Телята побрели без пастуха через Сулу к хутору, а Федор вроде замешкался: горько и страшно стало ему от стенаний, доносившихся с другого берега, от молчаливого прощания с животноводческим лагерем, с куренем, где на полу так много душистой травы, с почти обнаженными деревьями, с пустыми гнездами. Как вдруг — псина Якоба Нименко. Видать, и он где-то поблизости. Послышалось жалобное мычание. Теленок отбился от стада, что ли? Подошел Федор к воде, видит… Якоб теленка от берега палкой отпихивает, маленького такого теленочка, верно, с беженцами шел на той стороне. Как он, бедняжка, через Днепр сумел перебраться, как сил хватило? Шейку вытянул, ушки уже на воде лежат, глазами своими смотрит, смотрит, как дитя, оказавшееся в опасности. А он его… палкой от берега отпихивает, чтобы ногами в дно не уперся…

— Ты что делаешь, Якоб?

— Не твое собачье дело, Федор.

— Якоб! Зверюга! — хватается за палку Федор.

— Не твое, говорю, собачье дело, Баглай. — И целится палкой в голову, чтобы в ушки вода набралась, чтобы ногами в дно не уперся.

— Да я в сельсовет… Я Прокопу заявлю, если только ты…

— Прямо так и заявишь? Может, подождешь заявлять, а? Пока хоть греметь перестанет, — ехидно произнес Якоб и многозначительно кивнул на Днепр, откуда рвались фашисты.

— Немедленно заявлю, — растерянно метался Федор, не зная, что делать.

— Не торопись, товарищ активист… Ваша власть… кончается, — говорил Нименко, продолжая орудовать палкой. — Ваше все смололось. — И так со зла ткнул теленка, что тот захлебнулся. — Скоро наше молоть будут. Скоро, скоро…

Поняв намек, Федор в бешенстве бросился с дубиной на Нименко, но тот быстро снял с плеча ружье…

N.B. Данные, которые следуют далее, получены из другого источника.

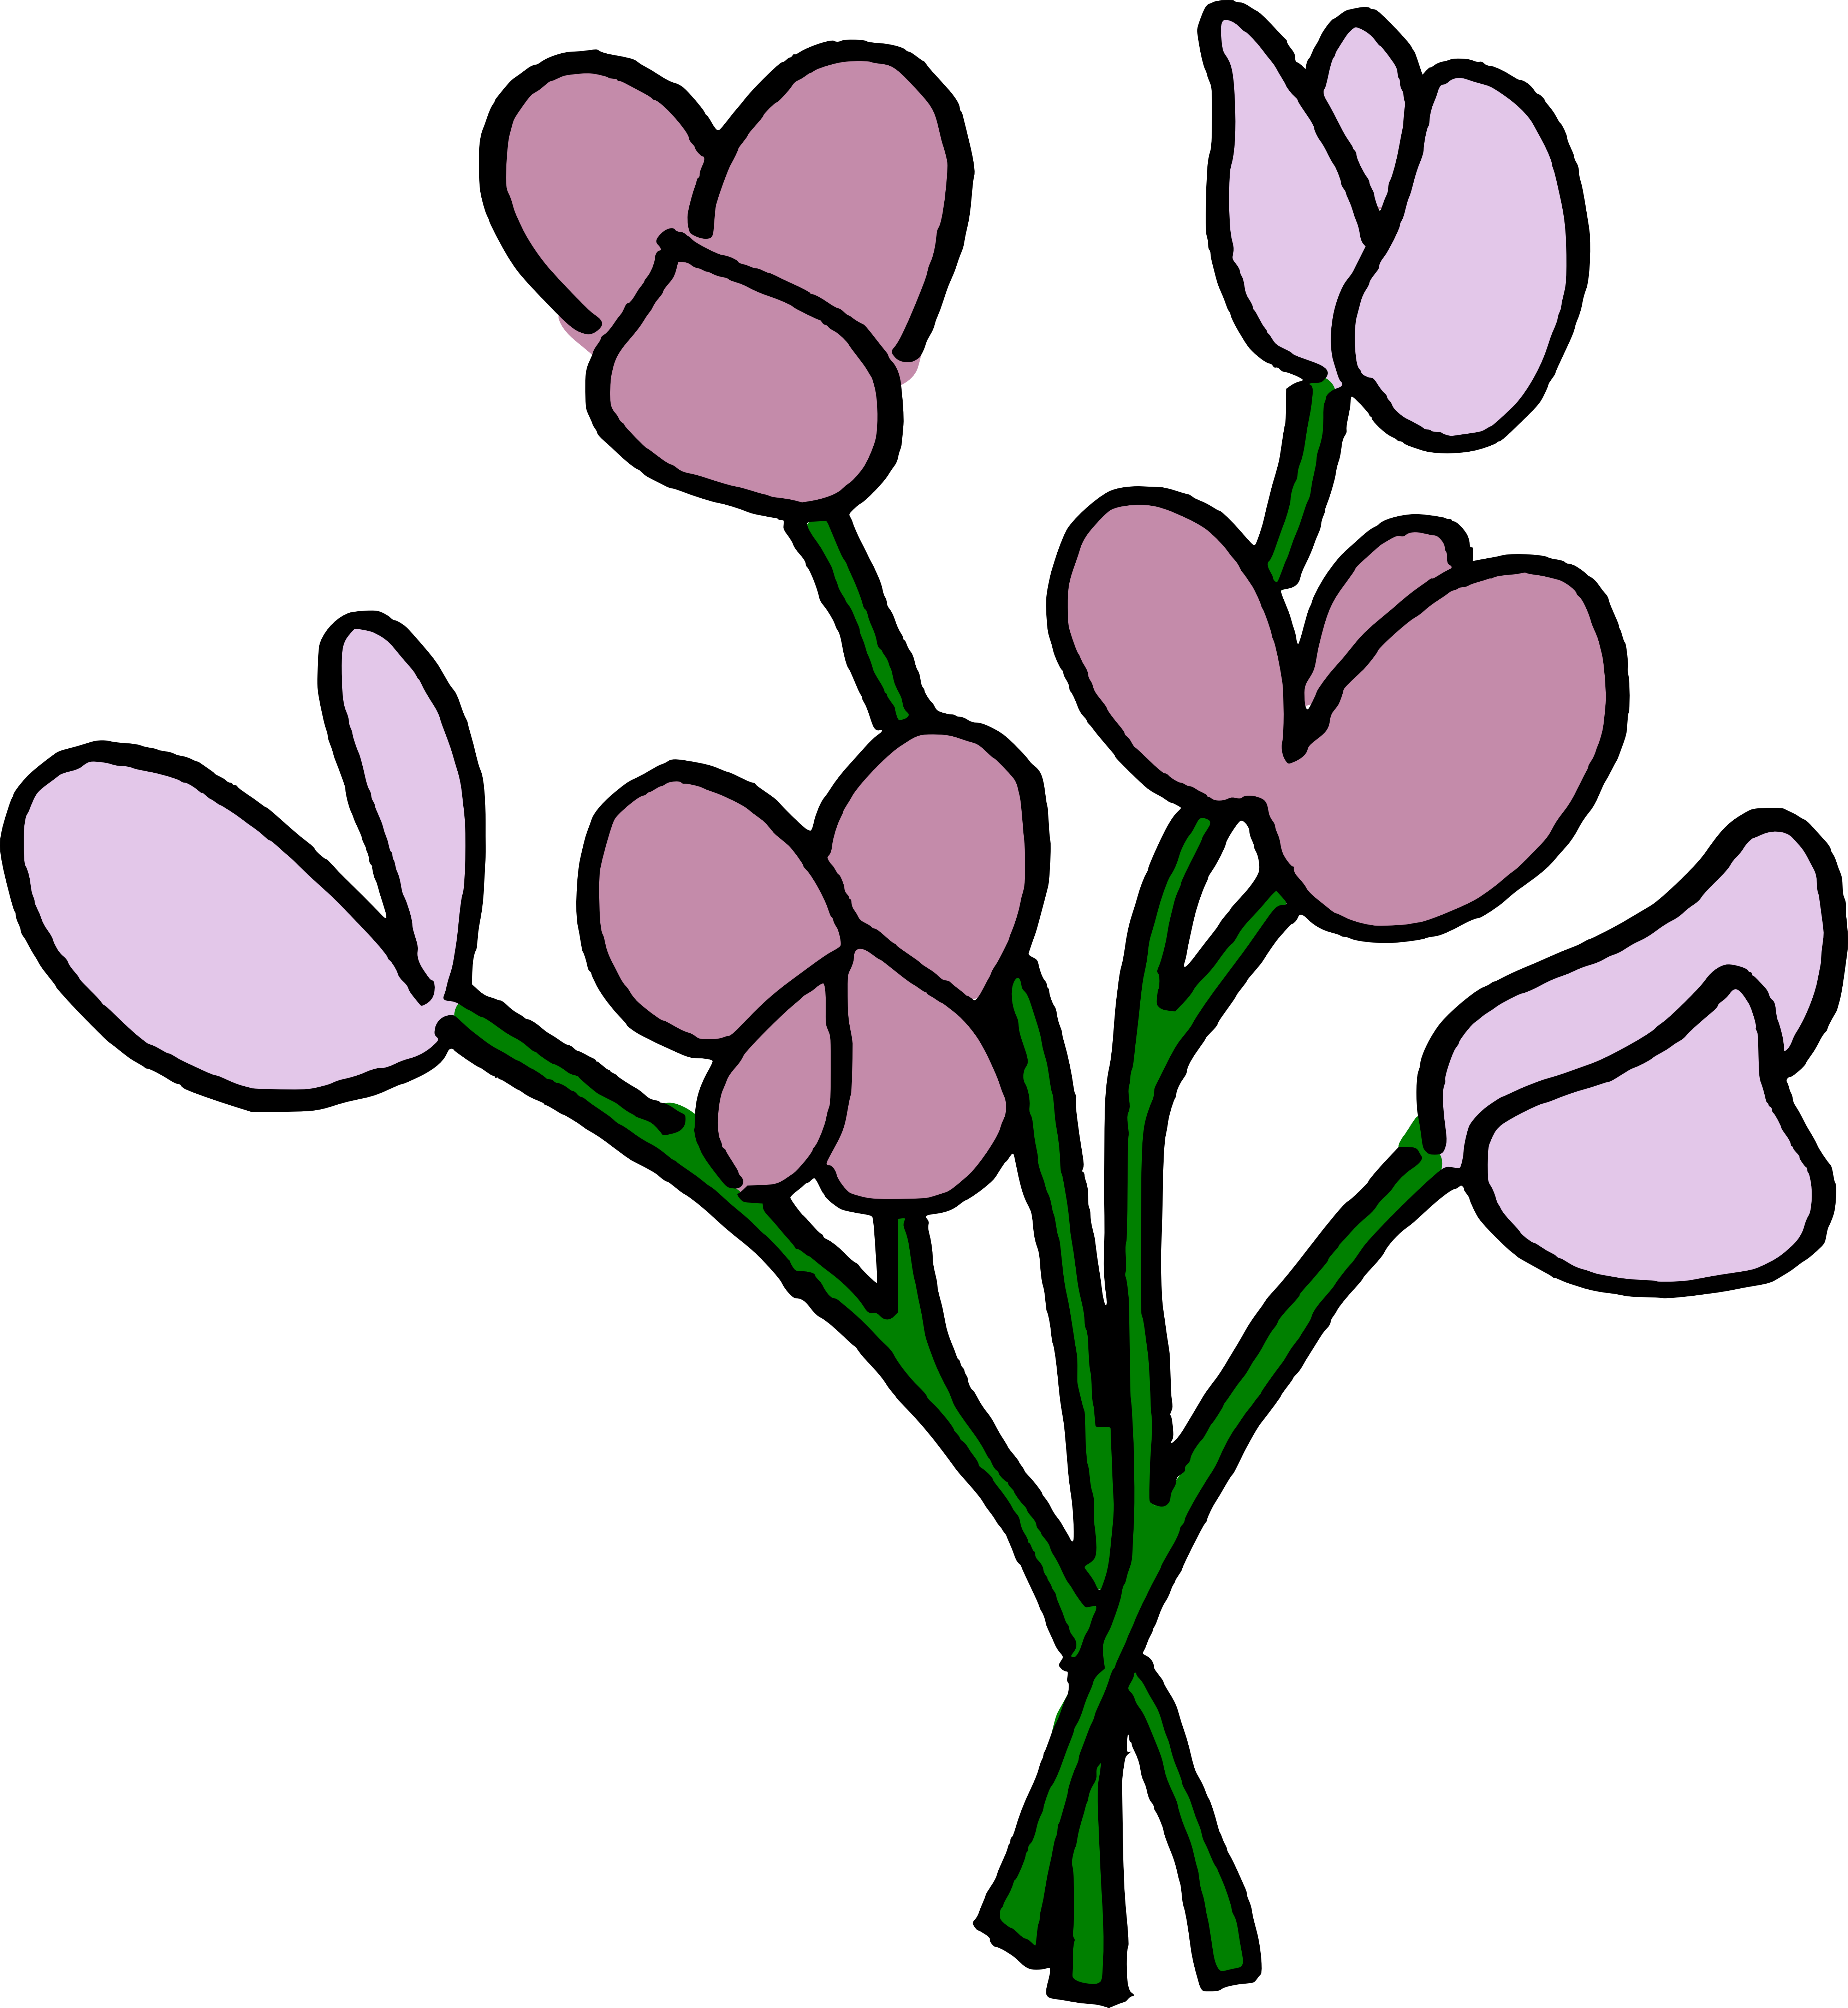 Flowers clipart name.

Такое оскорбление от этого гада! Чтоб твоих детей земля не сносила! А ведь носит. Отпрыск-то его, говорят, в Мокловоды заявился, выходит, посмел… И хватило же совести… Не стыдно ему людям в глаза смотреть. С Марфиной дочкой по плавням шатается. И будто с Данилком за руку здоровался. С Федоровым сыном Данилком, с Домашиным крестником. Зло, как и все прочее, забывается. Ага, Домашин он крестник…

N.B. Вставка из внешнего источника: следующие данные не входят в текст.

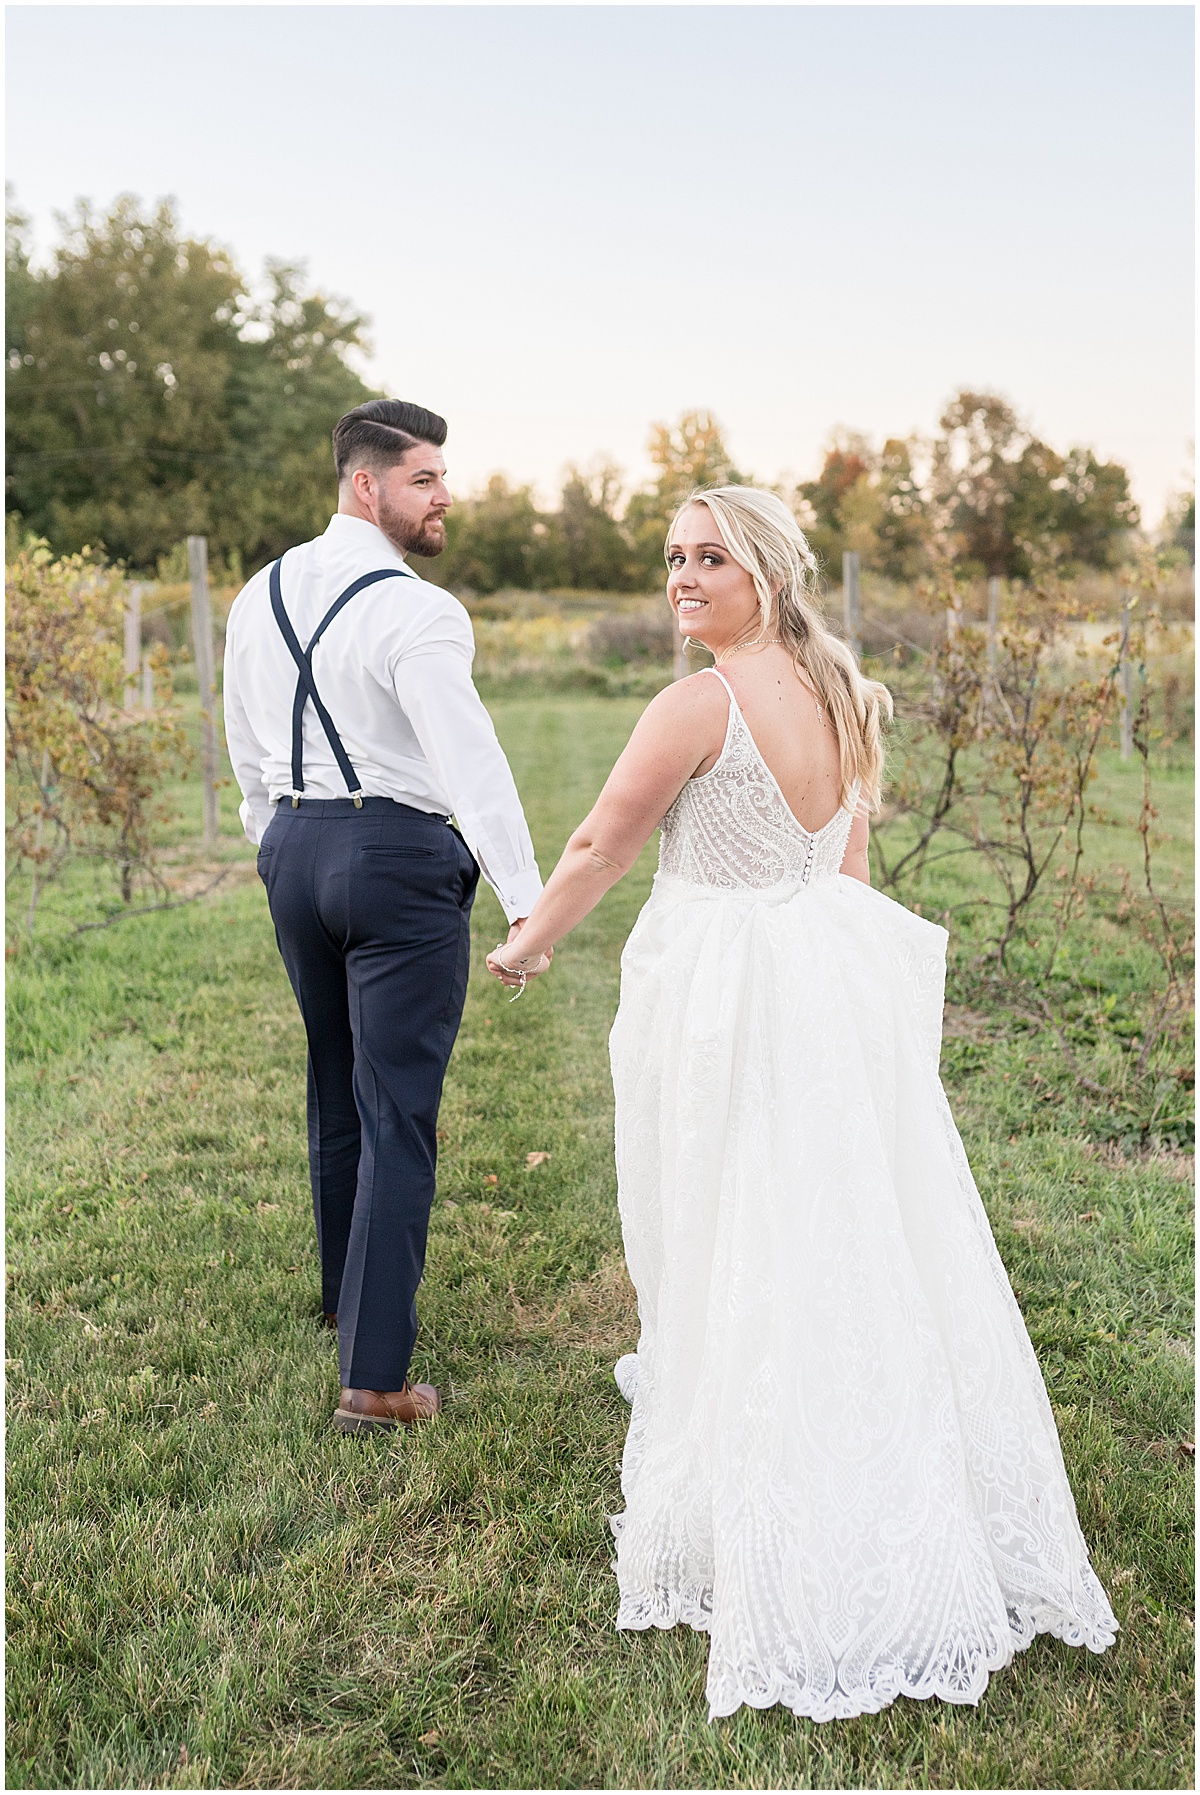 Newlyweds walking through vineyard at wedding at Finley Creek Vineyards in Zionsville, Indiana photographed by Victoria Rayburn Photography

Наверно, из-за Домахи и не спит по ночам Никифор. Похудел так, что, если б не железное его здоровье, с ног бы свалился. Приська Плазма, что по соседству живет, говорят, не раз слышала, как Никифор поет Домашины песни. На дворе еще не брезжит, а он сядет у окна и поет:

Ой сяду я край віконечка прясти,

Та й не дам я волоконцям впасти.

Як виведу волоконце в віконце,

Та й подивлюся, чи не сходило сонце.

Я ж думала, то сонечко сходить,

А то милий по садочку ходить.

Чужу милу за рученьку водить,

Чужу милу цілує й милує,

А на мене нагайку готує.

Никифору вручили акт переселенца и сказали, чтобы «немедленно перебирался из зоны», потому что через его двор проляжет фарватер, или, по-нашему, судоходный путь. Слоняется Никифор по двору, никак не придумает, с чего начинать разрушение. Рассматривает еще не сопревшее путо, которое висит на плетне, отгораживающем кошару, и издали кажется гадючьей кожей. Была когда-то такая удойная корова, Майка. И себе хватало молока и на продажу. А молоко-то какое жирное: в крынке, бывало, на ладонь сметаны. Сдал Майку по контракту в колхоз…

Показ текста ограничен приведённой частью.